Szef dyplomacji William Hague powiedział że obecność syryjskiego ambasadora na ślubie Williama i Kate Middleton byłaby "nie do przyjęcia" w obliczu represji wobec demonstrantów. Czwartkowy "Guardian" ujawnił, że Chijami osobiście zaaranżował przyznanie subwencji w wysokości ponad 100 tys. funtów na sfinansowanie ośrodka studiów syryjskich na szkockim uniwersytecie St. Andrews, gdzie poznała się książęca para. Cofnięcie zaproszenia może zostać odczytane jako oznaka pomniejszenia rangi stosunków brytyjsko-syryjskich.

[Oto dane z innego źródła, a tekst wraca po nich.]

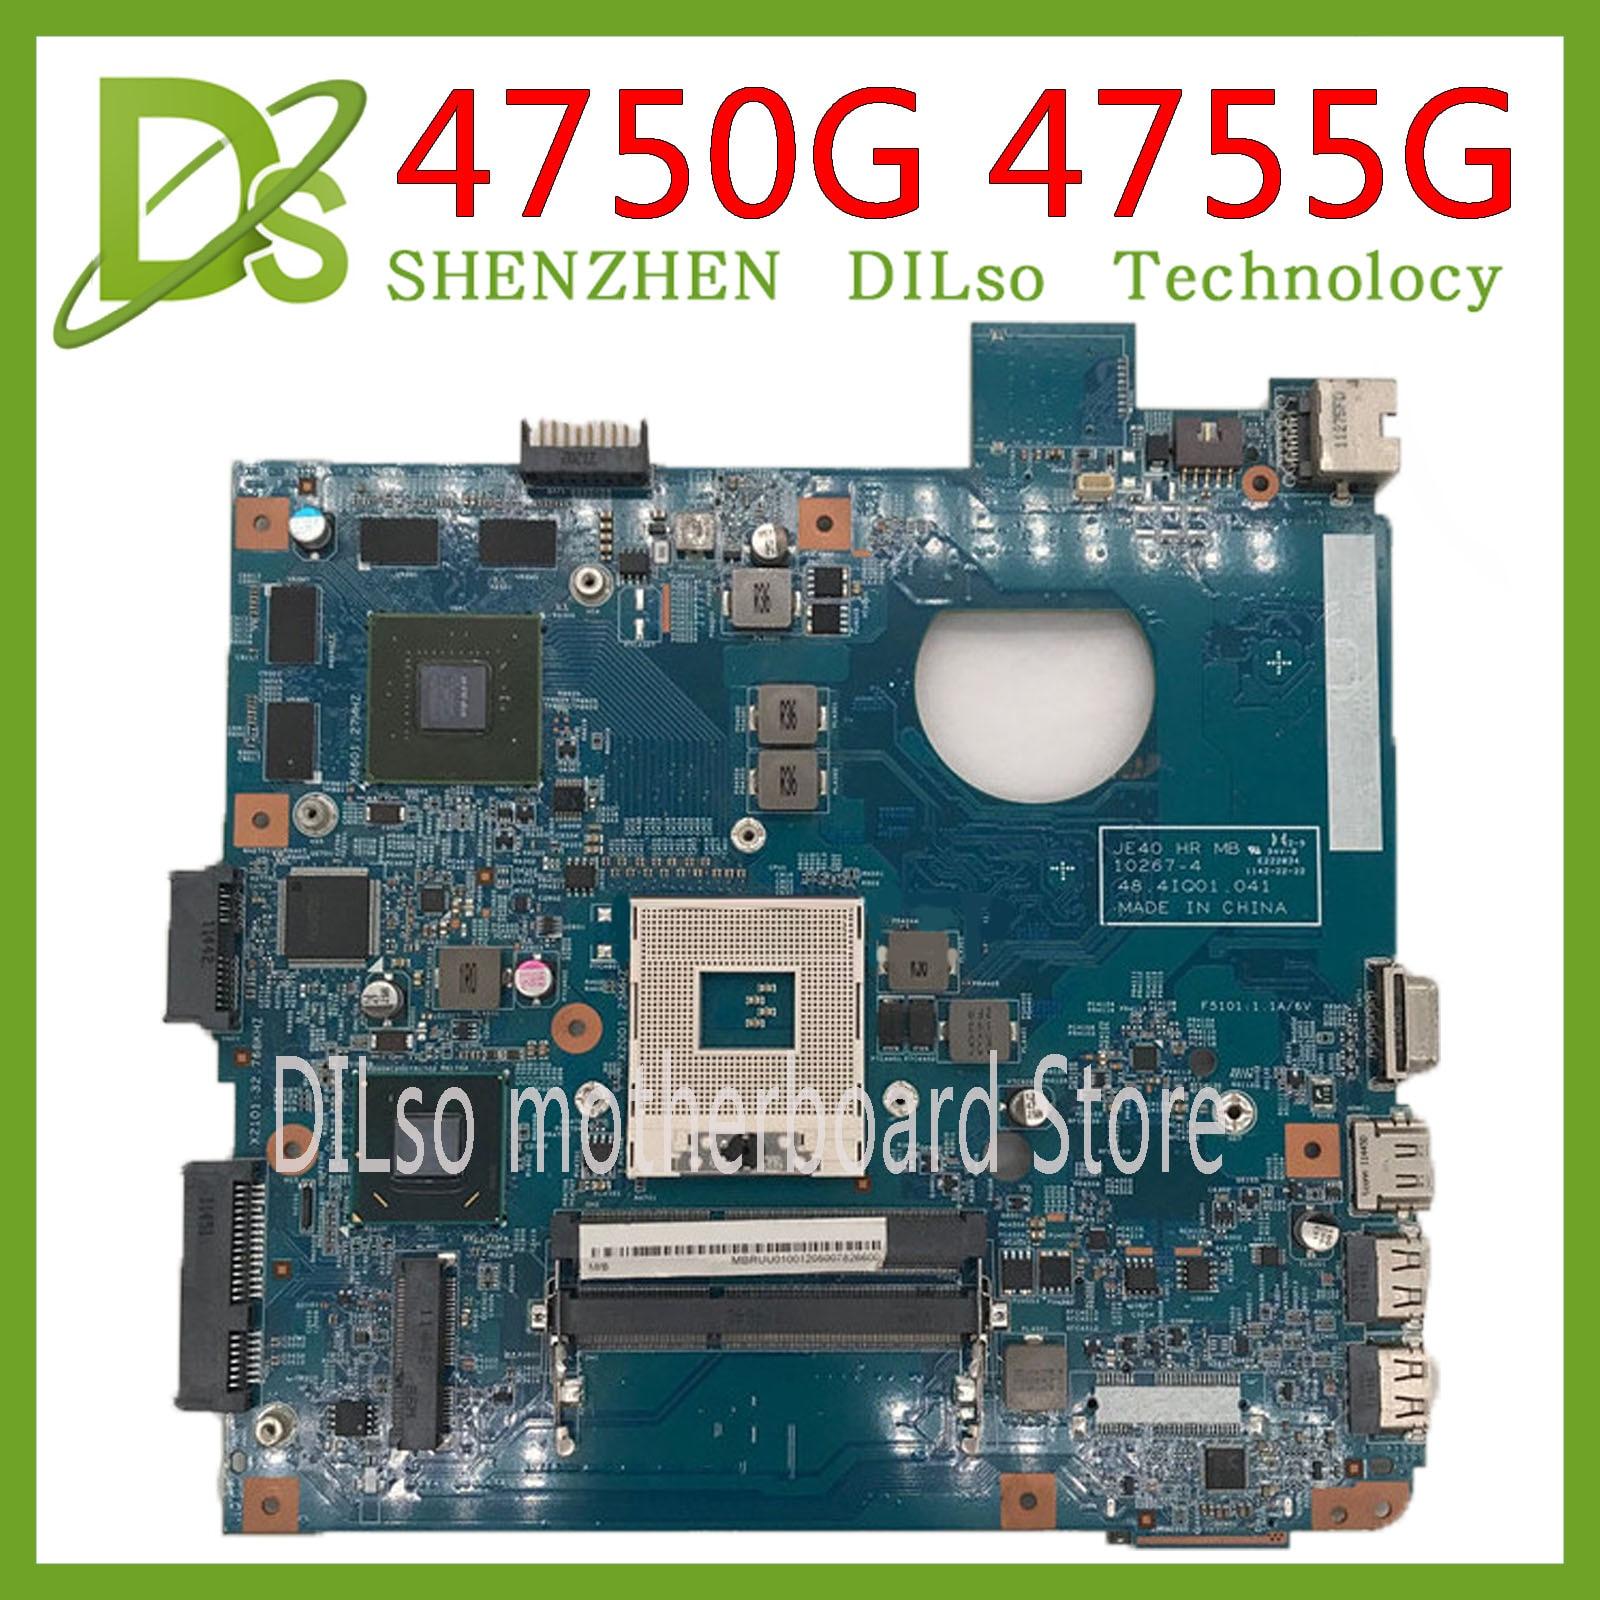 KEFU 4752 motherbaord para Acer aspire 4750G 4752G 4755G placa base 10267-4 HM65 DDR3 100% prueba original mianboard

Wcześniej ujawniono, że na liście gości zabrakło byłych laburzystowskich premierów: Tony'ego Blaira i Gordona Browna. "Times" nazwał ich pominięcie "zdumiewającym zaniedbaniem", tym większym, że zaproszono dwoje byłych konserwatywnych szefów rządu: baronessę Margaret Thatcher i Johna Majora. Naraża to dwór królewski na zarzut faworyzowania polityków Partii Konserwatywnej.

Listę gości ustala pałac św. Jakuba, który pełni funkcję osobistego biura księcia Williama, w porozumieniu z resortem spraw zagranicznych.

Zaproszenia cofnięto wcześniej przedstawicielom Libii i Malawi. Zaproszenie otrzymał monarcha Bahrajnu, ale zrezygnował z udziału w uroczystości. Gościem w Opactwie Westminsteru będzie natomiast ambasador Zimbabwe, choć prezydent tego kraju Robert Mugabe jest izolowany na scenie międzynarodowej.